When an AI request arrives, the semantic cache middleware processes it through the following steps:

Prerequisites for Caching:

  • Only requests with a request body are cached. GET requests cannot be cached since they typically don't have bodies to extract content from.
  • Only 200 OK responses are cached. Other status codes like 201 Created, 400 Bad Request, etc. are not cached.
  • The contentTemplate must successfully extract text from the request body for caching to occur.
  1. Extract & Prepare Text : The middleware extracts text from the request body and formats it according to a content template. By default, it takes the last user message in a typical chat completion request.

  2. Compute Embeddings : The text is converted into a vector using a vectorizer. Each vector can represent the semantic meaning of the request text.

  3. Similarity Search in Vector Database: The middleware queries a vector database (redis-stack, weaviate, or Milvus) to see if there is a cached response with a sufficiently close vector (based on a similarity threshold, for example, maxDistance).

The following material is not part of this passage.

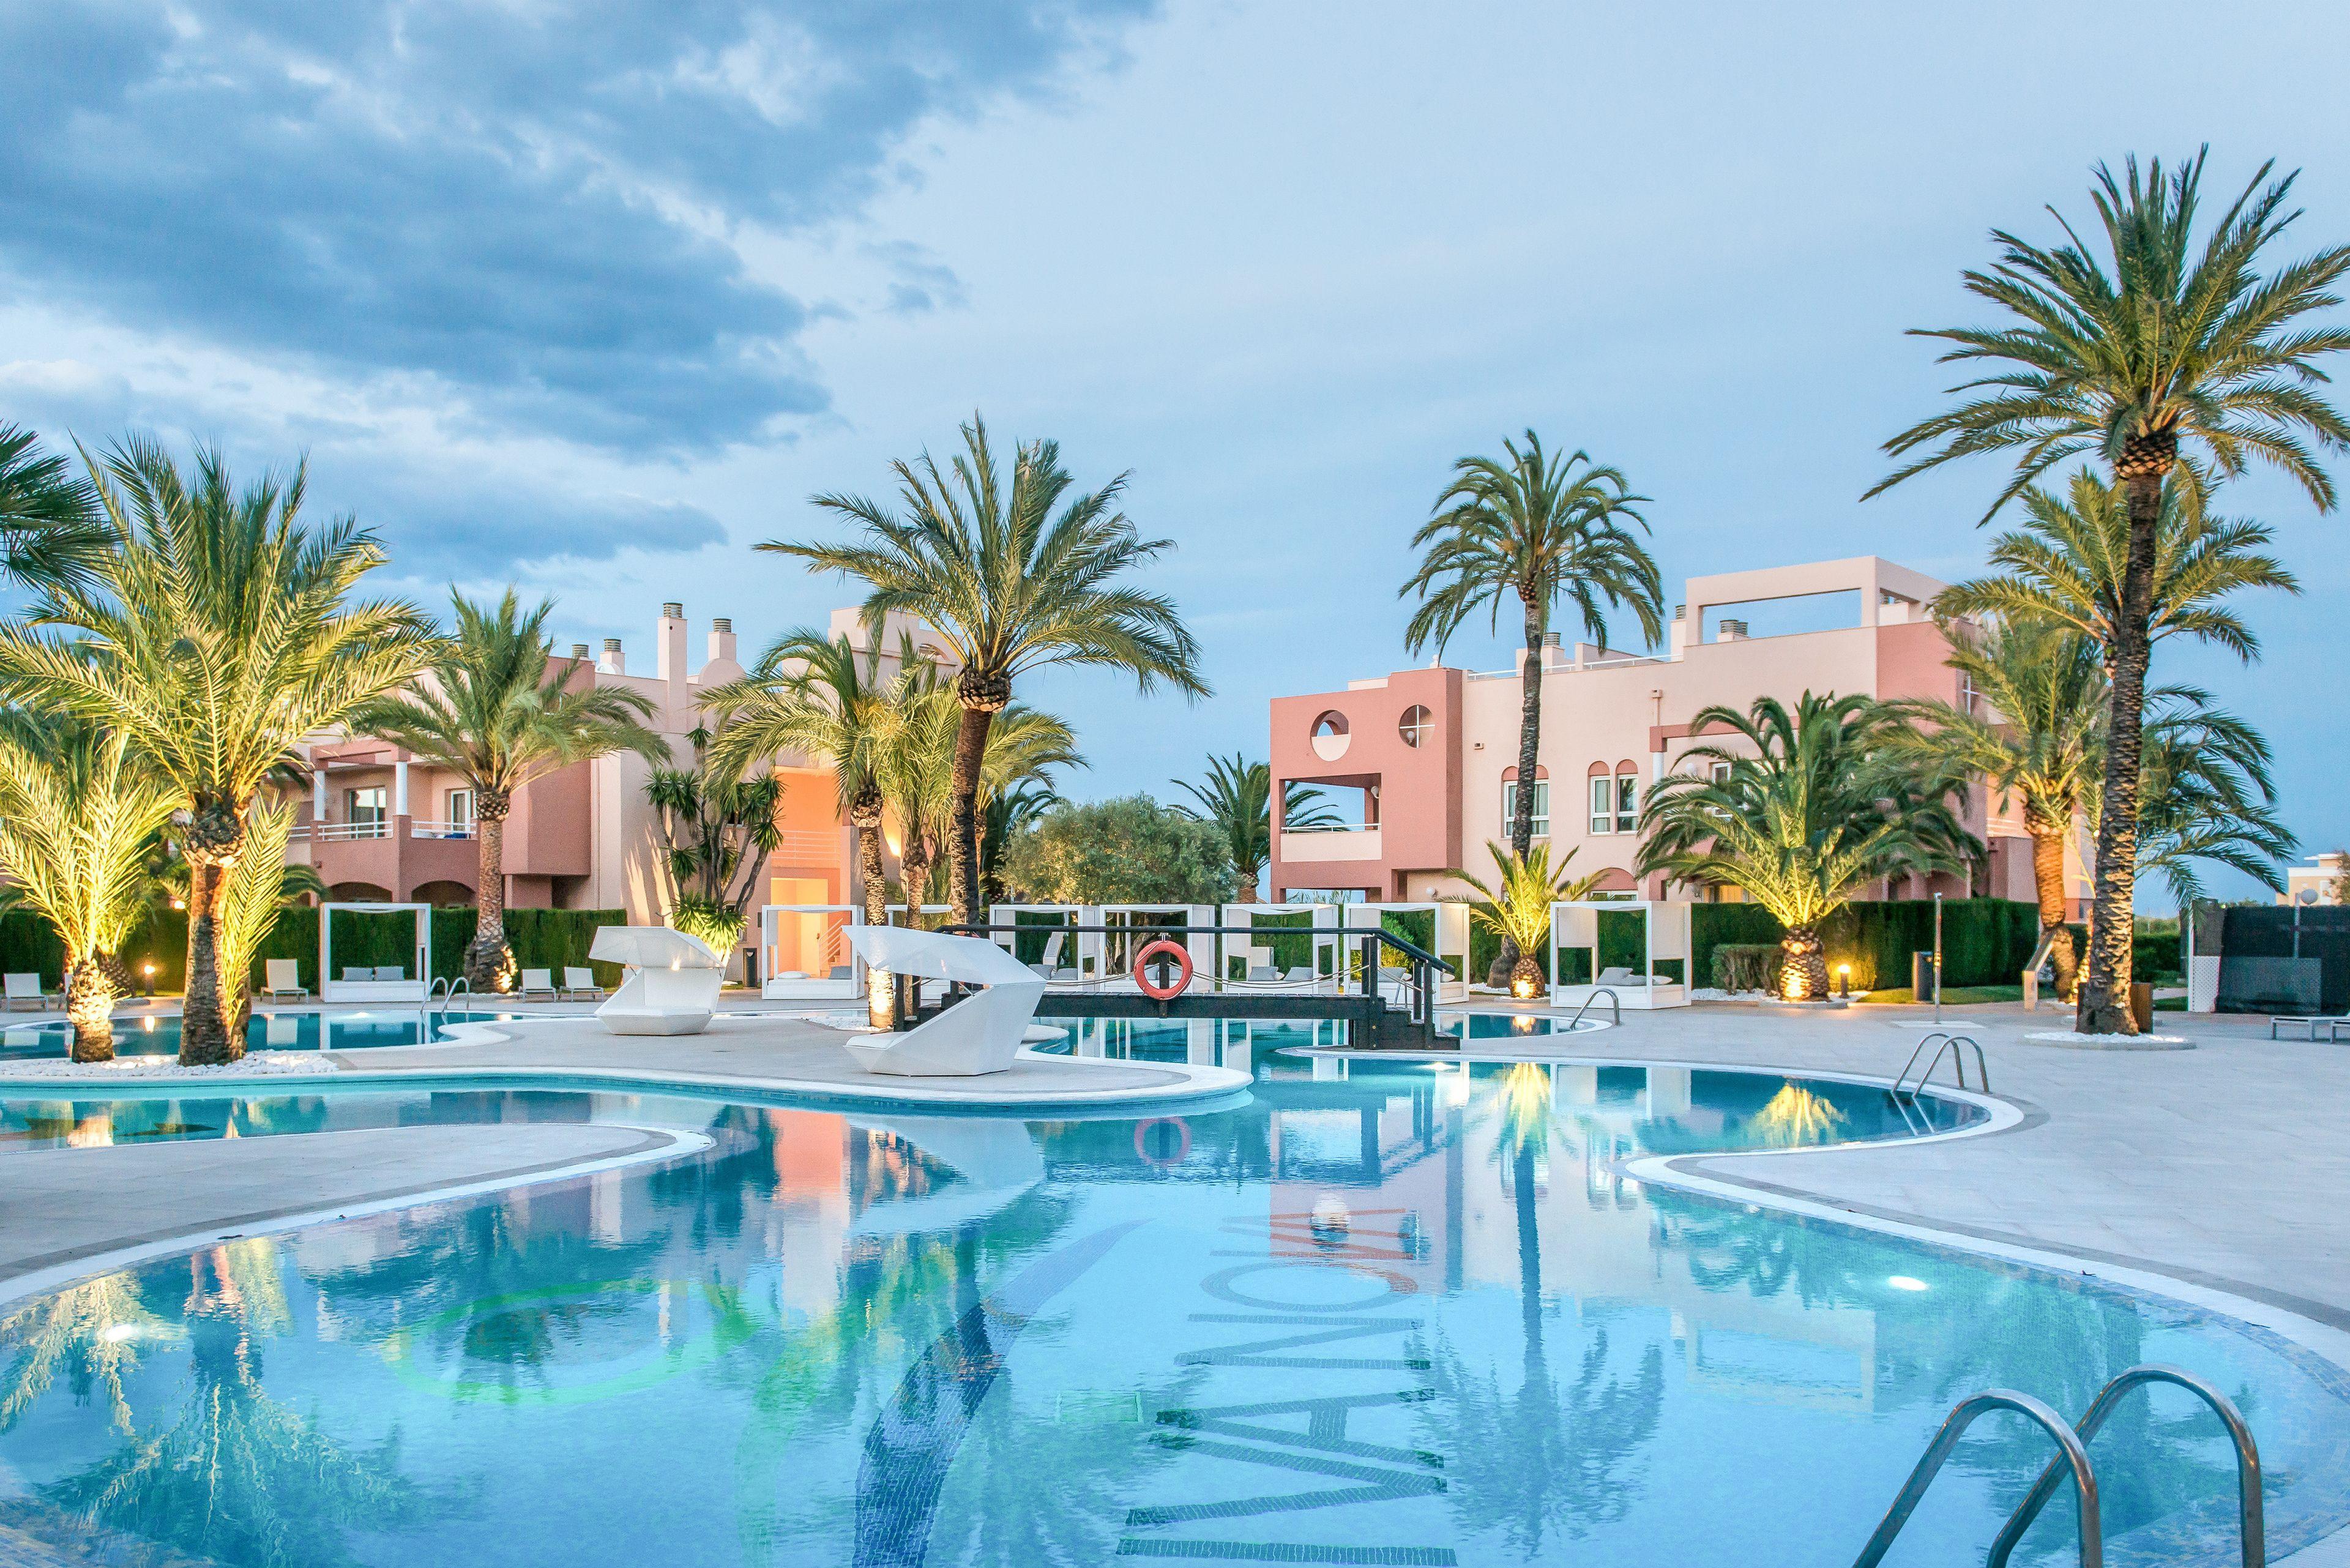 Courtesy of Oliva Nova Golf Beach & Golf Hotel / Expedia

  • Cache Hit: If a similar vector is found, the cached answer is returned.
  • Cache Miss: The request proceeds to the AI service, and the resulting response is stored as a new entry in the cache (unless readOnly is true).
  1. Response Headers : The user sees the following headers in the response:

    • X-Cache-Status: Hit or Miss.
    • X-Cache-Distance : useful for tuning your similarity threshold.
  2. Separate caches - stream ("stream": true) and non-stream answers live in different buckets; a hit in one does not populate the other.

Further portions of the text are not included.